__WHAT YOU WILL DO__
Only one portion of the data is to be written out: from the line bearing "Bicicleta TSW Hunch" through the line bearing "Main Image - Alexander". Write it exactly as it appears.

__RECORDS FOR PROCESSING__
----------
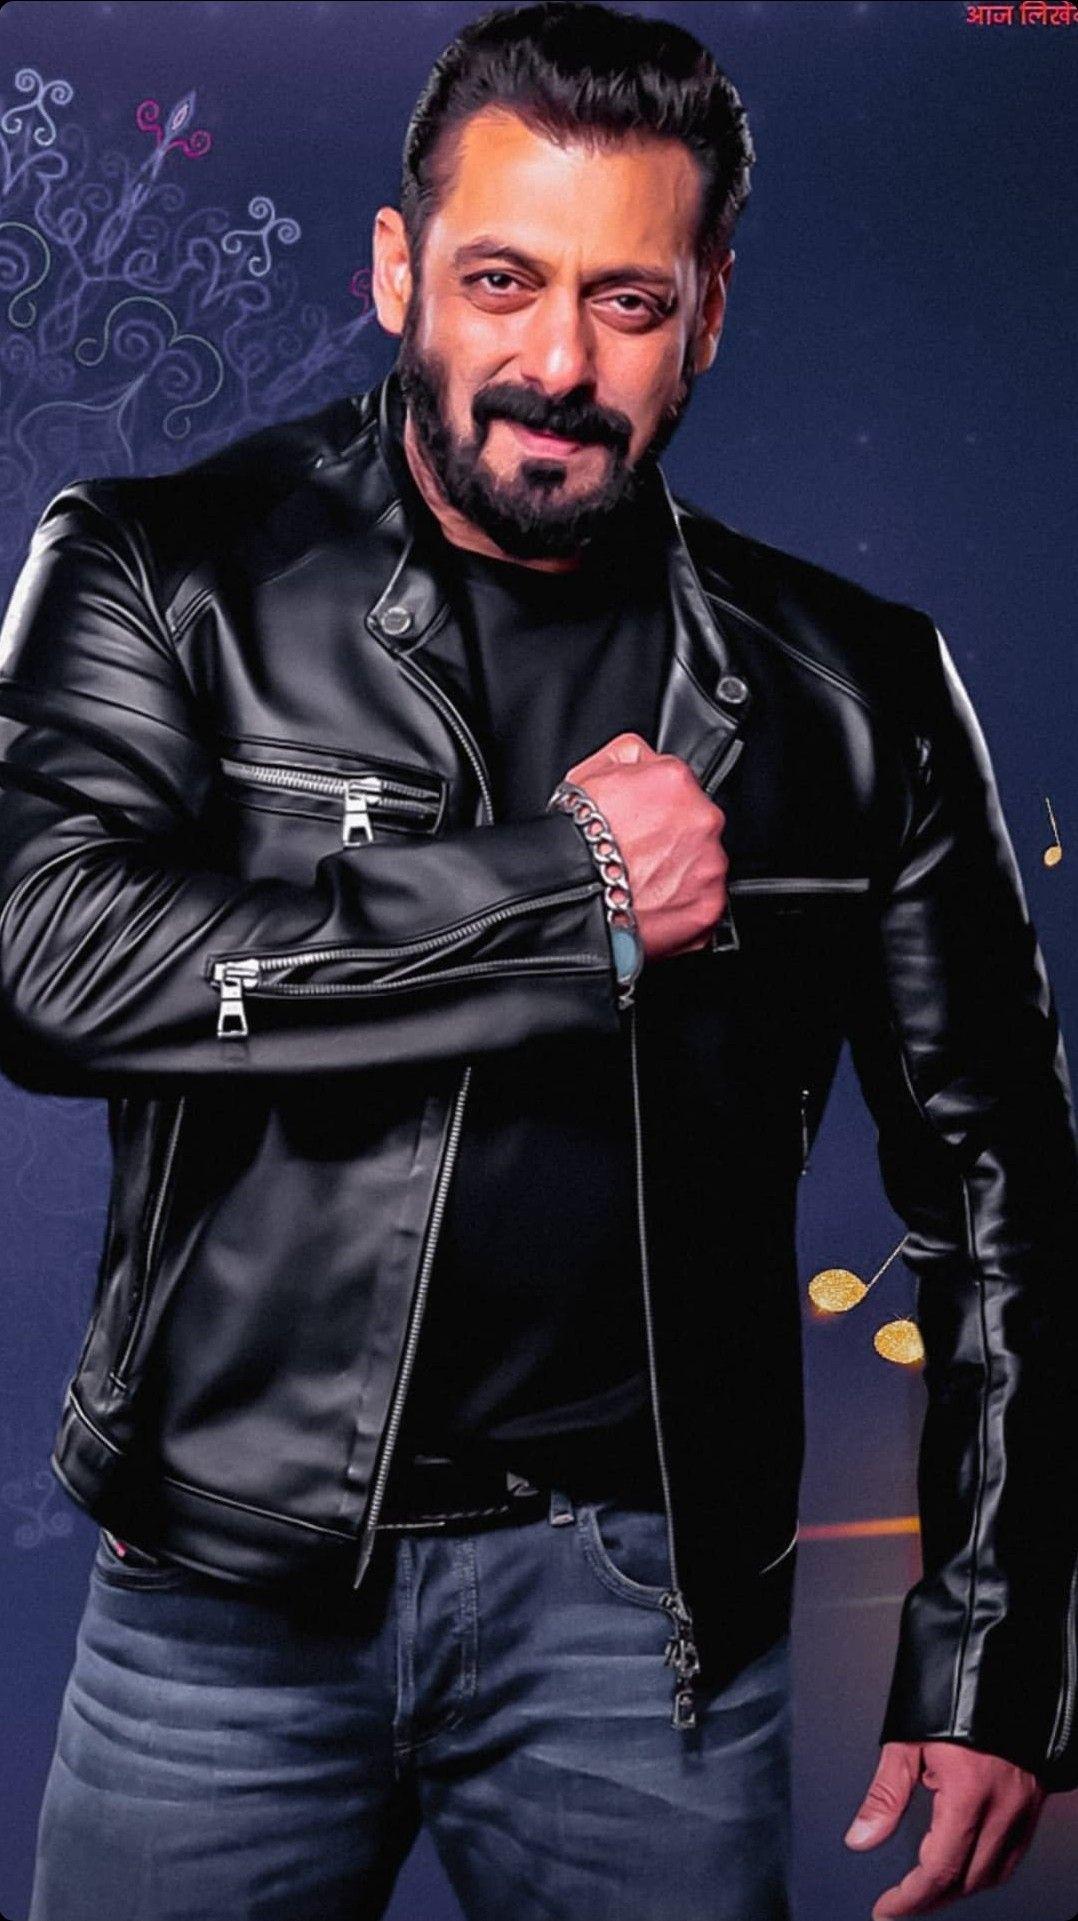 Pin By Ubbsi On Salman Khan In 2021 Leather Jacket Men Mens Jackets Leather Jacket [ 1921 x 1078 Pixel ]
----------
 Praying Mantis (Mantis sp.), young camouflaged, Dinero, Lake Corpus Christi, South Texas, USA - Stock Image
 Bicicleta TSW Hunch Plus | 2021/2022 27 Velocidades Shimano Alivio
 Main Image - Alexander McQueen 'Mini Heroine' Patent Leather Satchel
----------
__WRITTEN RESPONSE__
 Bicicleta TSW Hunch Plus | 2021/2022 27 Velocidades Shimano Alivio
 Main Image - Alexander McQueen 'Mini Heroine' Patent Leather Satchel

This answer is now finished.